Harnessing the Muse

We have all experienced those fleeting moments of intense inspiration when the vibrancy of our ideas overwhelms us. We frantically scratch pen to paper, afraid we will only be gifted with milliseconds of such potent creativity. And then, like appreciating the passing smell of damp earth in Spring, or the brief sensation of warm sun through the window on a cold January day, it is gone. The richness of the fertile soil is replaced by the annoying sensation of dirty water in our shoes. The warm sun disappears exposing the frigid reality of frozen mud and old snow. If only we could have held that moment in our minds for a little longer. What other revelations would find us worthy of exploration?

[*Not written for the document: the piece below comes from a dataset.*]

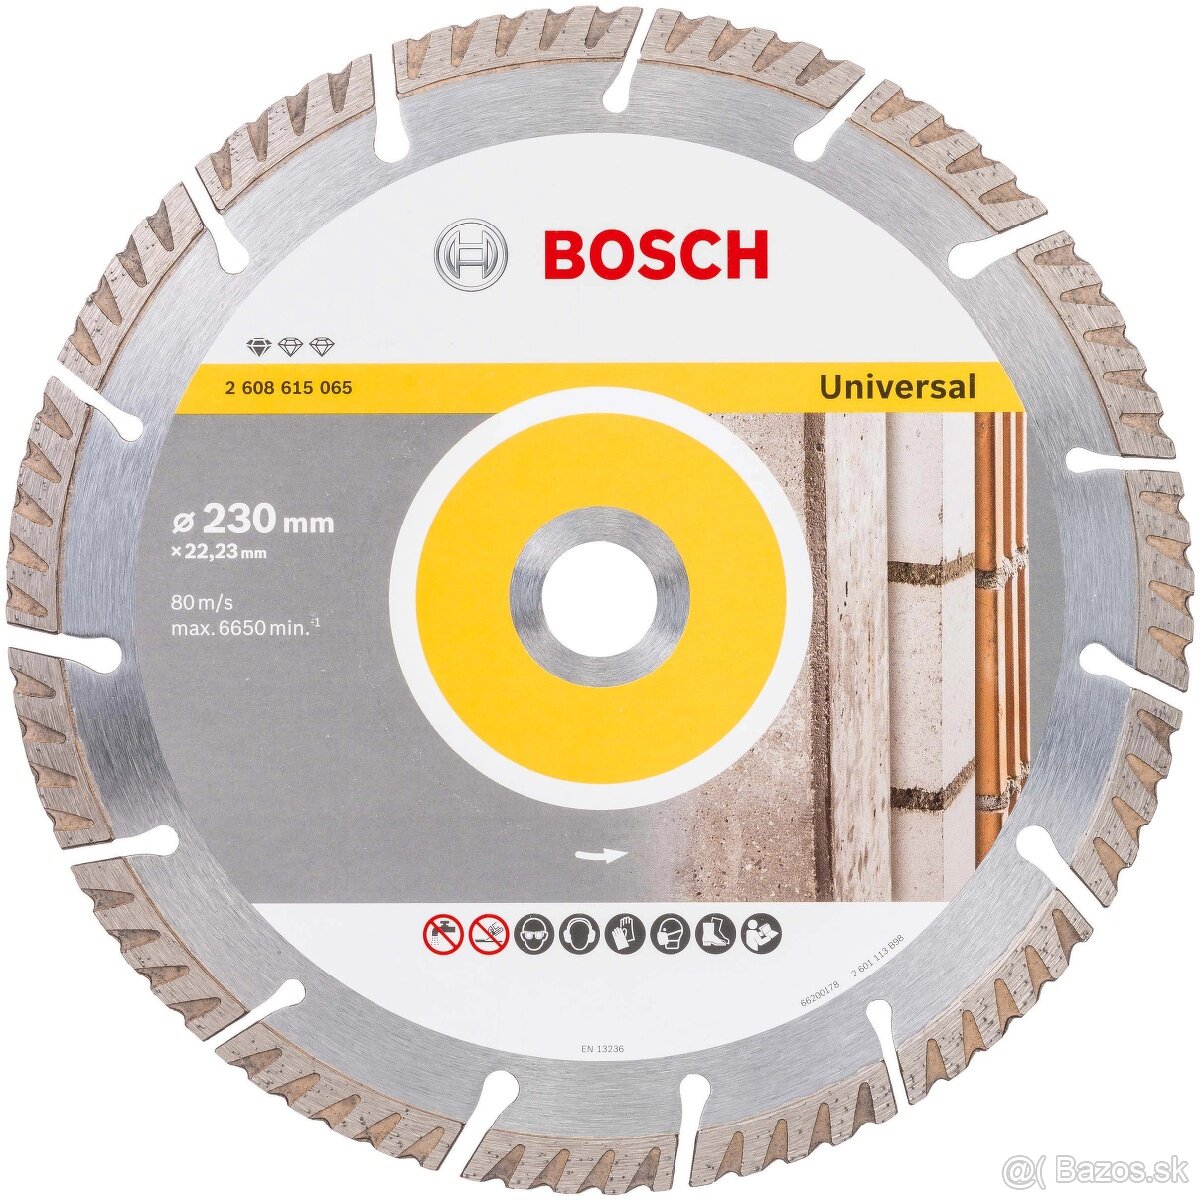 Bosch Diamantový rezný kotúč 230 mm

For someone who believes that creativity is a form of religious experience—a way to encounter the divine spark that fuels the fire in our bellies—harnessing such moments is of paramount importance. But we must have tools to do so. The most powerful of these are belief, value, and joy.

Belief: Are you special? Do you deserve to be creative? Do you deserve to be an artist? The moment you answer “no” is the moment you suffer a little death—the child within gives up its last breath. These are not questions that matter. The question that matters is, “What are you?” And if you answer, “I am a creative entity,” you must believe it.

Value: Inherent within any successful undertaking is the knowledge that effort is subordinate to purpose. If what we do has no value it subtracts from our integrity.  Commit yourself to a task devoid of value and you are doomed to reach a moment of self-realized purposelessness. This cannot be. You must know, deeply and resolutely, that what you do matters. If you do not believe you are being gifted with an idea worth sharing the muse will not return.

Joy: Creation is an act of joy; destruction is an act of despair. Joy fuels productivity; self-doubt fuels inactivity. When a child plays there is no effort and no hesitation. It is simply play. What a powerful substance courses through their veins. If creativity and play co-exist within us what possibilities cannot be made practical?

What we experience in those rapturous moments is a confluence of these three sensations. We believe that we deserve to be creative; we believe that the product of our creation has value; and we feel joy. In the end we realize that the muse doesn’t exist. It is just us, alone, with our perception.  If we can appreciate these moments with such awareness perhaps they will be less transient.